The many comments from the blogosphere over this momentous political and comedic event spans the political spectrum. From Reality Challenged Wingnuttia, we have The Beckster who called it “sad and tragic”, the result of the “Chernobyl” that is Washington, D.C. with her “honor and integrity” intact. (Gag me with a ladle.)

On the left, we enjoy FDL’s TBogg, who writes:

I, for one, am sad to see her go and, in fact, I was previously unhappy to hear that she might actually lose in the upcoming 2014 election. While there are many profoundly stupid conservatives in the House (I’m looking at you guys: Louie Gohmert, Patrick McHenry, and Jason Chaffetz) to hang around the Republican neck, Michele Bachmann brought a special bright-eyed ingenue lunacy to the party. Although she lacked the 12-hour meth-binge feral viciousness of a Sarah Palin, she was no less a virtual Pez dispenser of “Hunh? Whut?….” quotes, but always served with a “Bless their hearts” chaser and a squirrels in the attic stare.

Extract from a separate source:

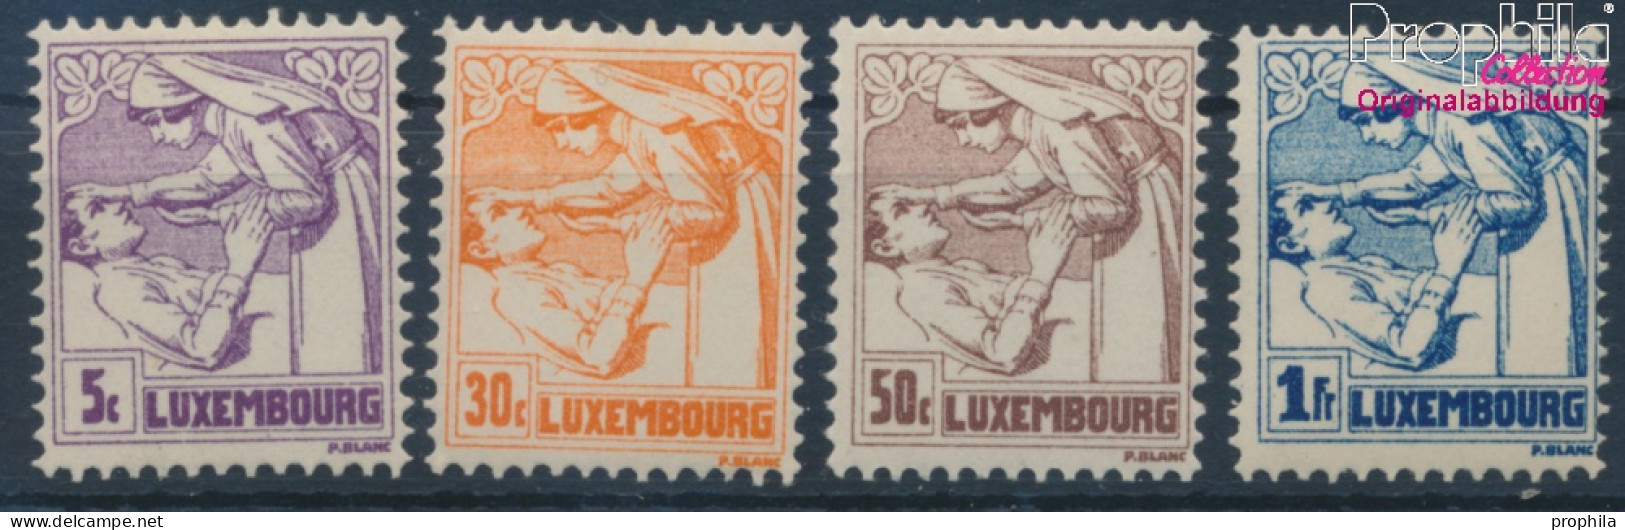 Luxemburg 157-160 (kompl.Ausg.) Postfrisch 1925 Tuberkulose (10363339 - Ungebraucht
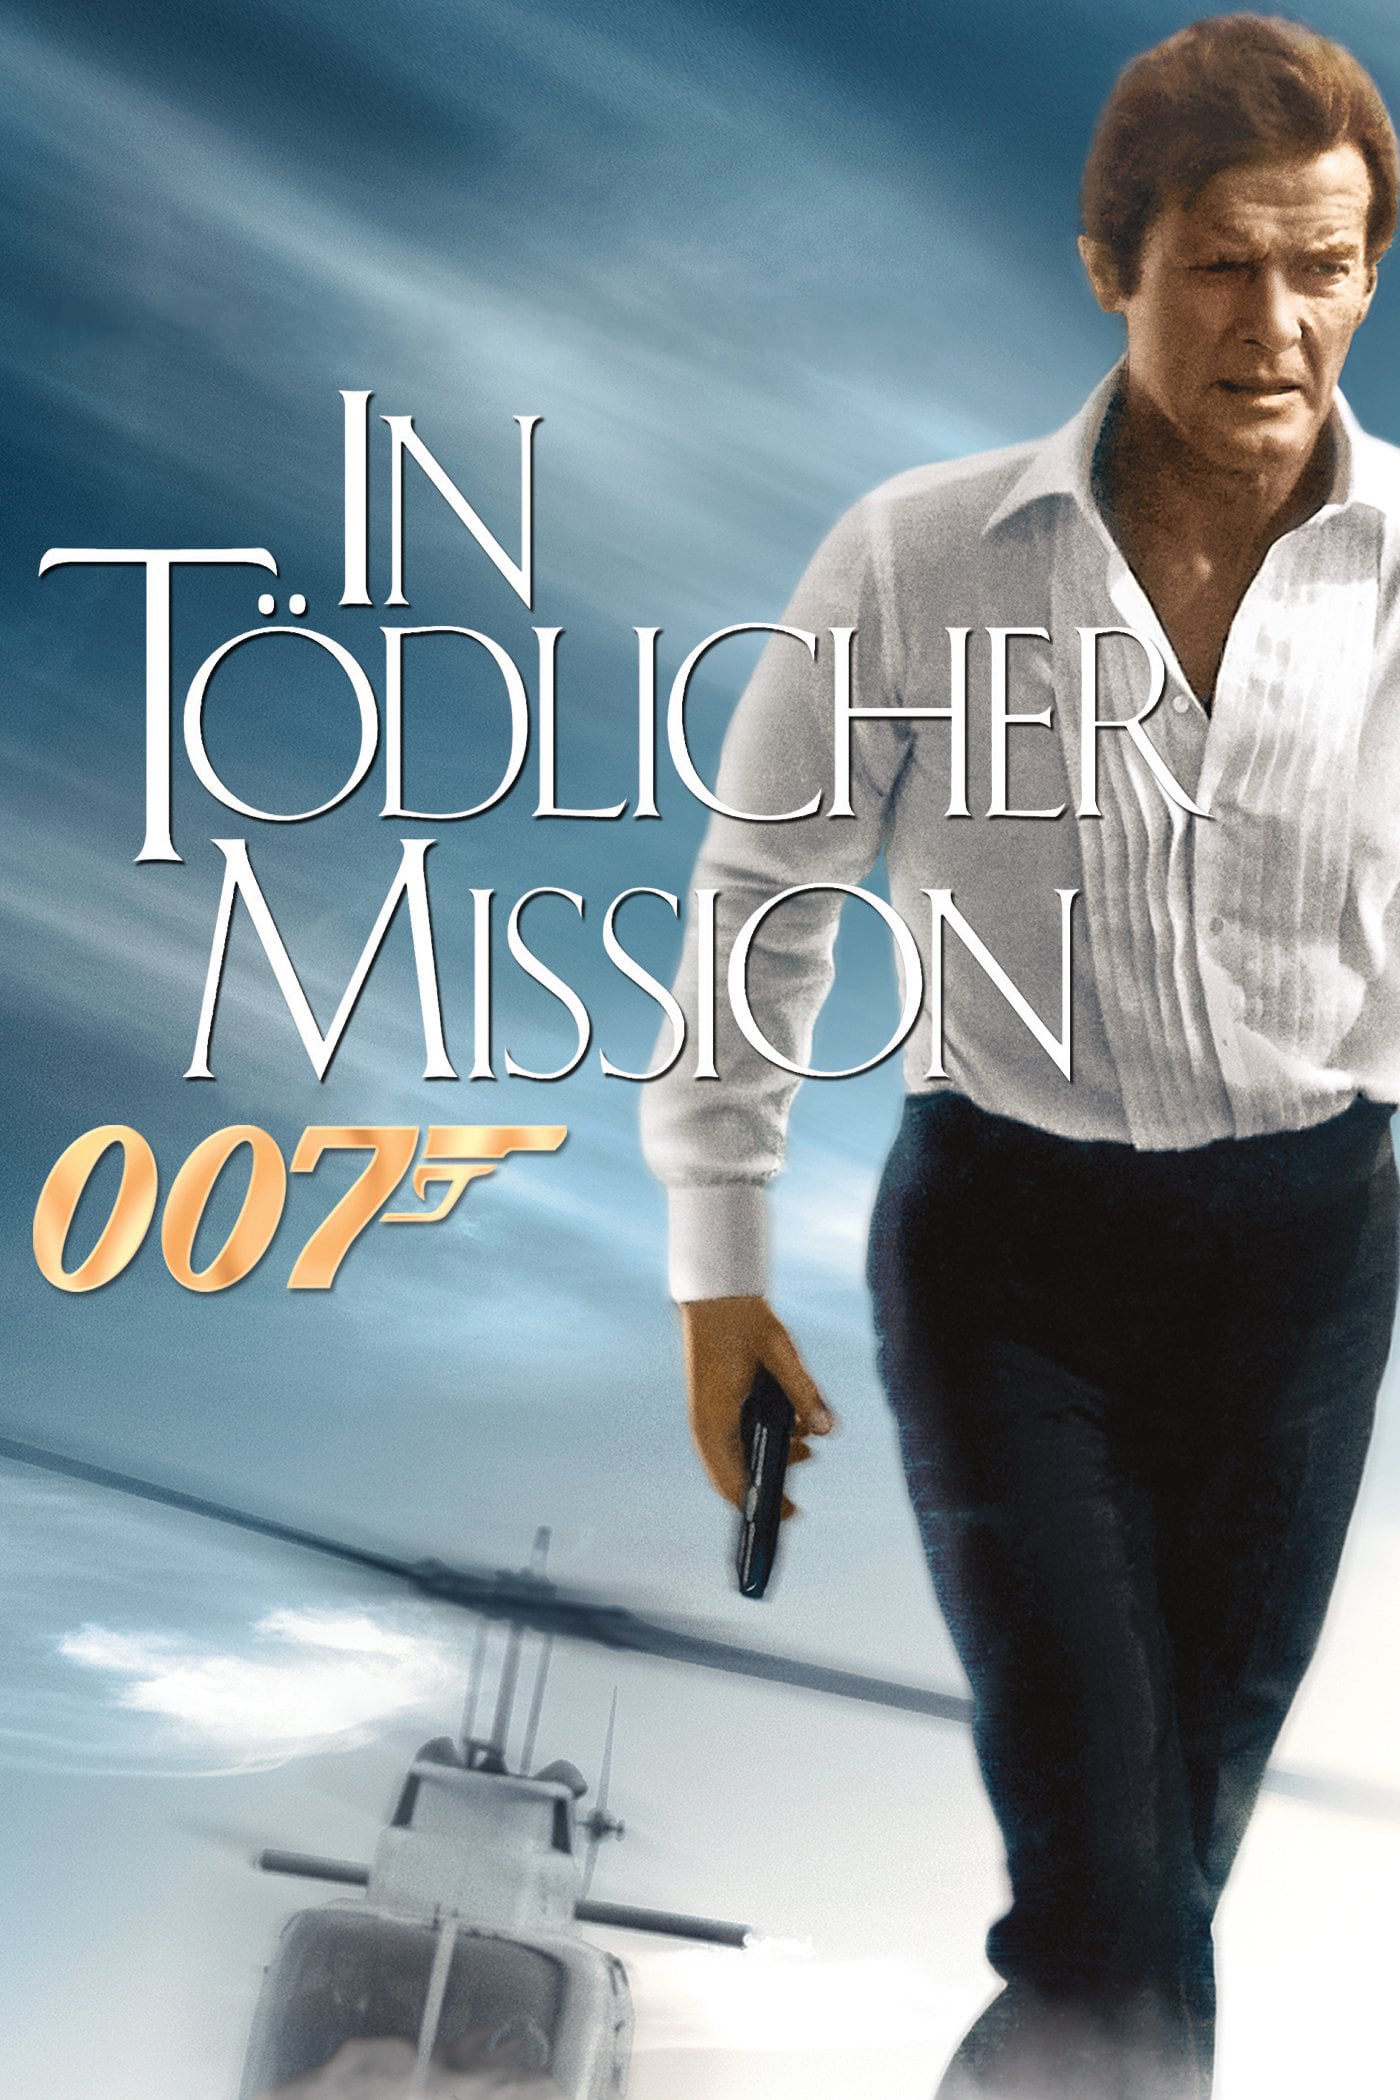 Plakat von "James Bond 007 - In tödlicher Mission"

I shall miss her star turn panache and amphetamine eyes; she gave good face to the Loonier Than Thou wing of the party. Now we are left with Peter King and the aforementioned Gohmert who are nothing more than stock villains sent over from central casting when the call went out for red meat slabs of resentment, ignorance, and opportunistic yahooism. I expect that Michele will probably move on to something a bit more on the evangelical side, since she lacks the dirty stripper-past-her-prime hardness that Fox prefers from its lady talkers,

Of course the big loser in all of this is delightful hubby Marcus Bachmann who stands to lose more “Me Time!” with Michelle always about the house and constantly under his marabou bedroom slippers with the four-inch heels.

What he said.

(With a nod to Liberace, for his implied, fabulous influence on Marcus.)

OH THANK GOD.

Michele Bachmann will still be flitting around Washington hot air space another 24 months, excreting her special kind of crazy like there’s no tomorrow.